EXERCISE DATA: Begin

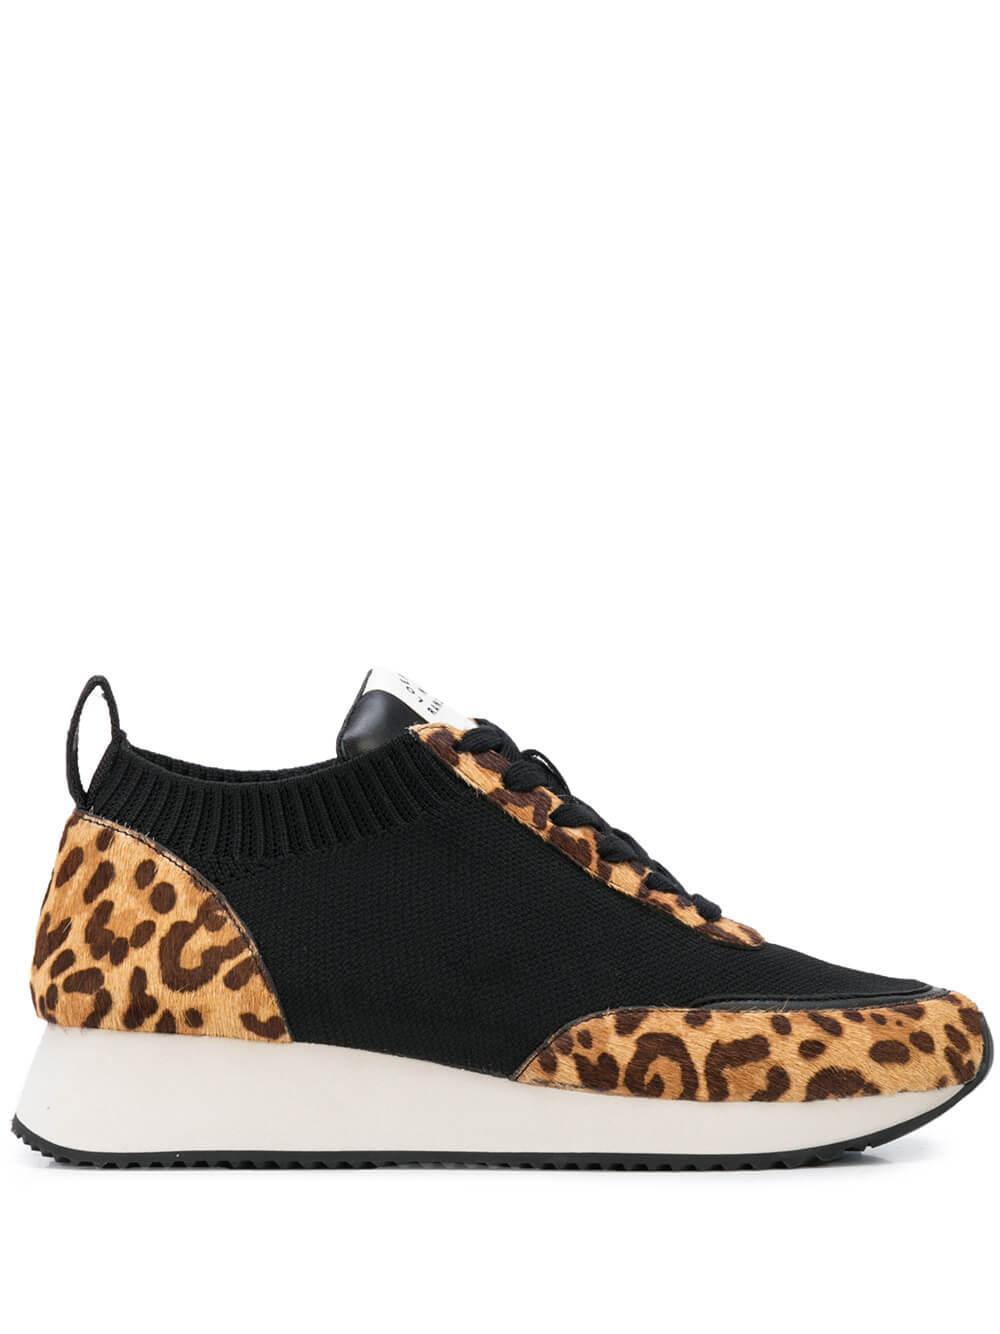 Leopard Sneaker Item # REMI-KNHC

EXERCISE DATA: End
EXERCISE DATA: Begin

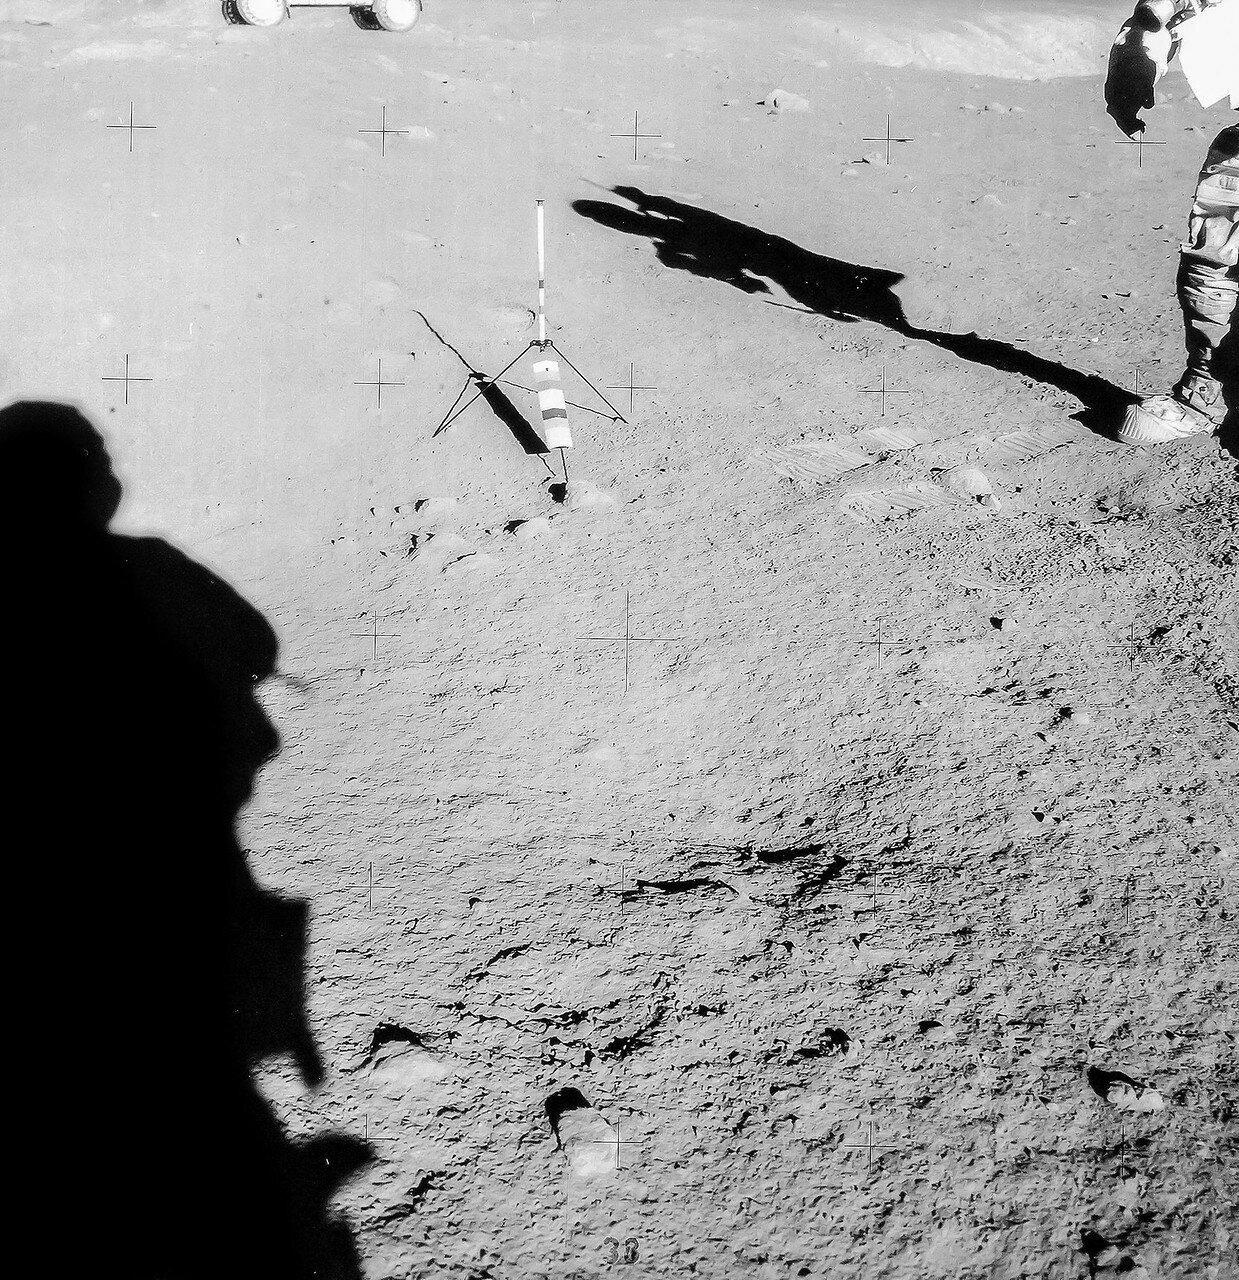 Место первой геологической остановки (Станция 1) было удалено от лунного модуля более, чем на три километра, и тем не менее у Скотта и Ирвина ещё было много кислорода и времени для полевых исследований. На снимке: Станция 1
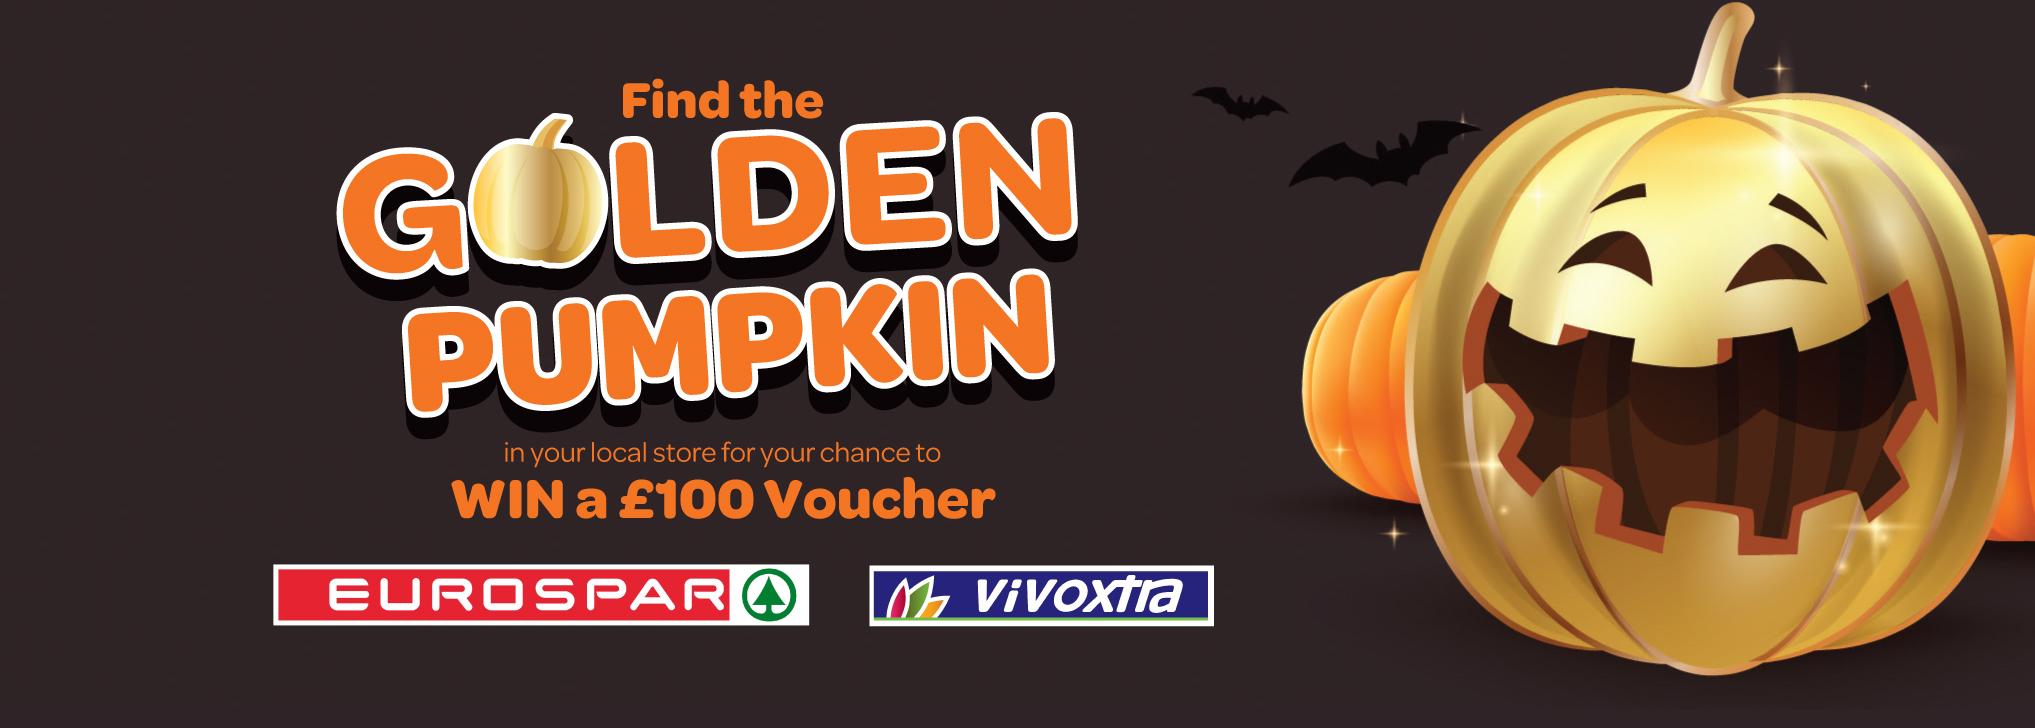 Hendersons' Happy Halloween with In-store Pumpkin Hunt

EXERCISE DATA: End

ABOUT THIS EXERCISE:
Although the records hold pictures, the copy must not; give again exactly the lines from the one with "Место первой геологической" through the one with "Hendersons' Happy Halloween".

WRITTEN ANSWER:
 Место первой геологической остановки (Станция 1) было удалено от лунного модуля более, чем на три километра, и тем не менее у Скотта и Ирвина ещё было много кислорода и времени для полевых исследований. На снимке: Станция 1
 Hendersons' Happy Halloween with In-store Pumpkin Hunt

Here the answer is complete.